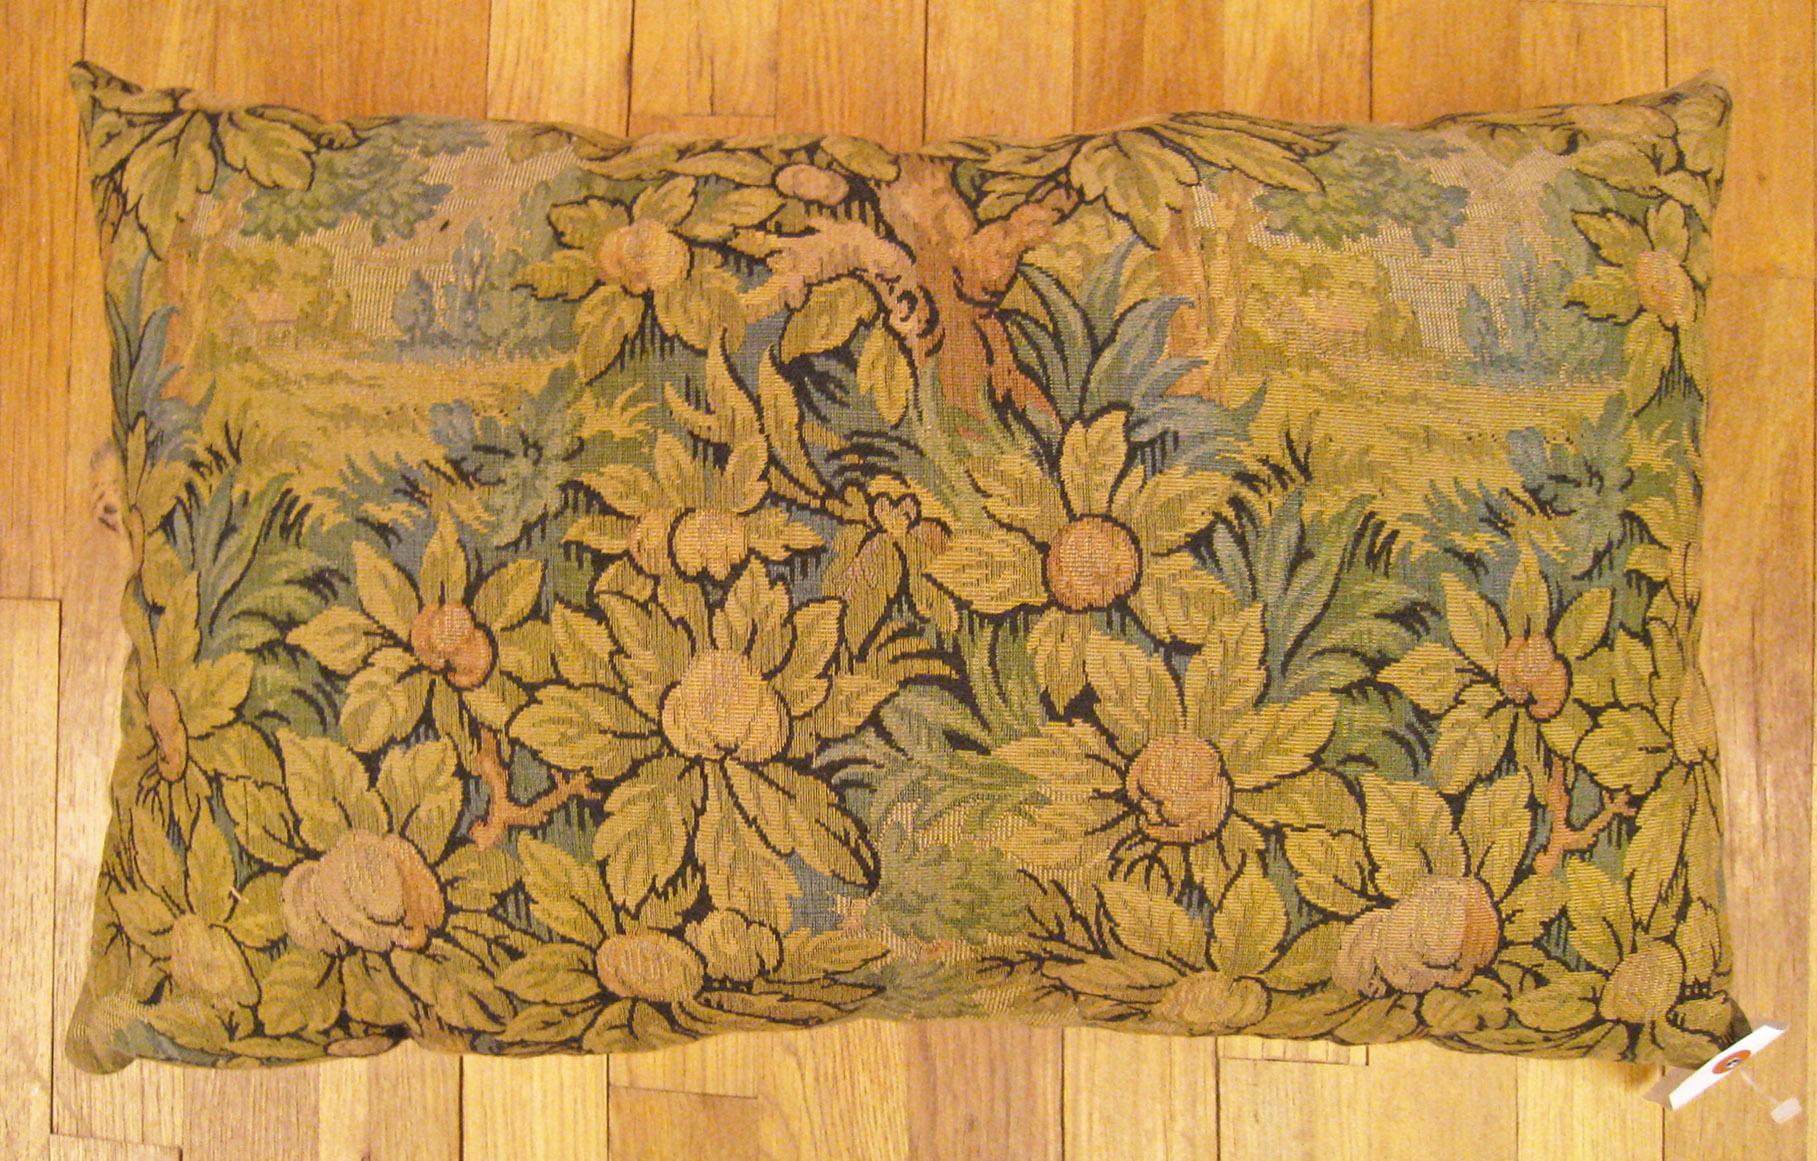 Antique Jacquard Tapestry Pillow; size 1'2” x 2'0”.

An antique decorative pillow with trees allover a green central field, size 1'2
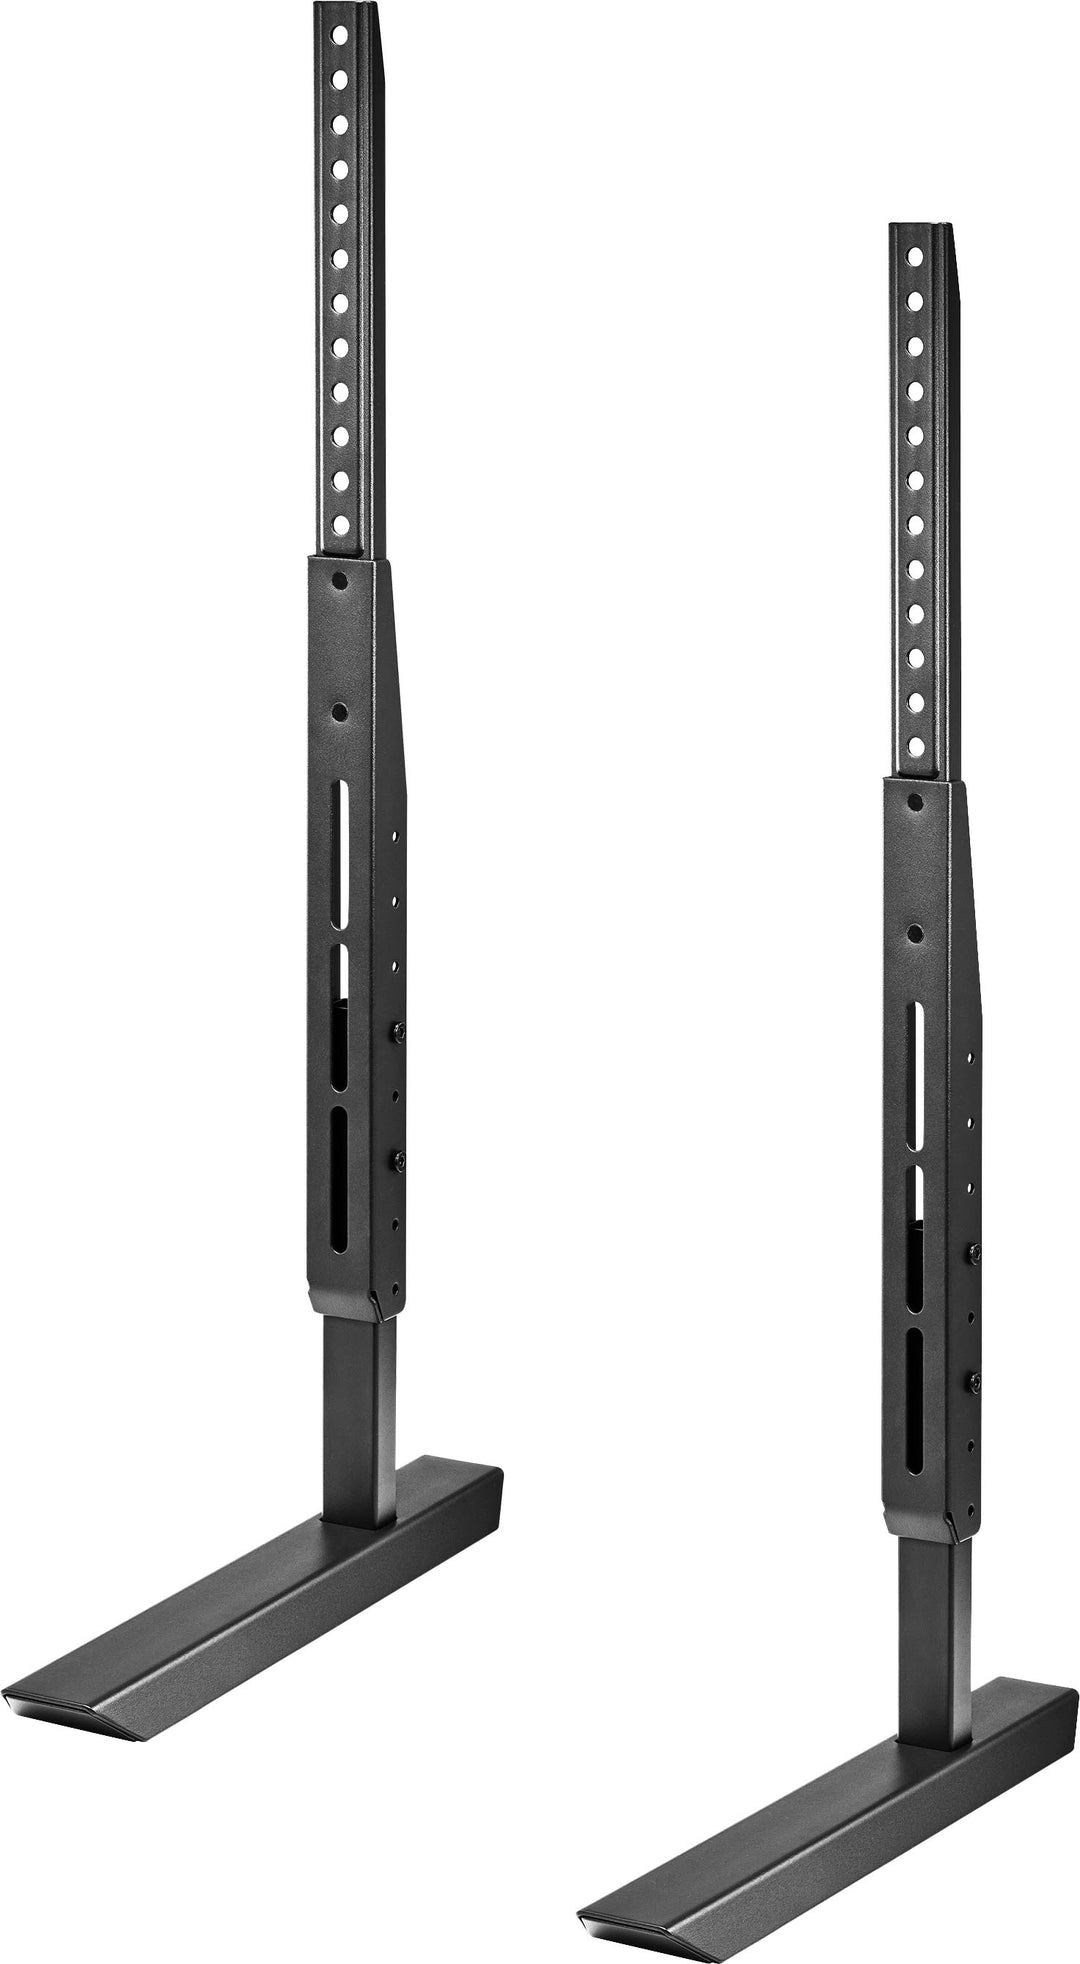 Insignia™ - Universal TV Feet Replacement Kit for TVs 49"-77" or 100 lbs - Black_4

- - - - -

(REQUIREMENT): Would you mind transcribing the material exactly, without the pictures?

(TASK RESPONSE):
 Antique Jacquard Tapestry Pillow; size 1'2” x 2'0”.

An antique decorative pillow with trees allover a green central field, size 1'2
 Insignia™ - Universal TV Feet Replacement Kit for TVs 49"-77" or 100 lbs - Black_4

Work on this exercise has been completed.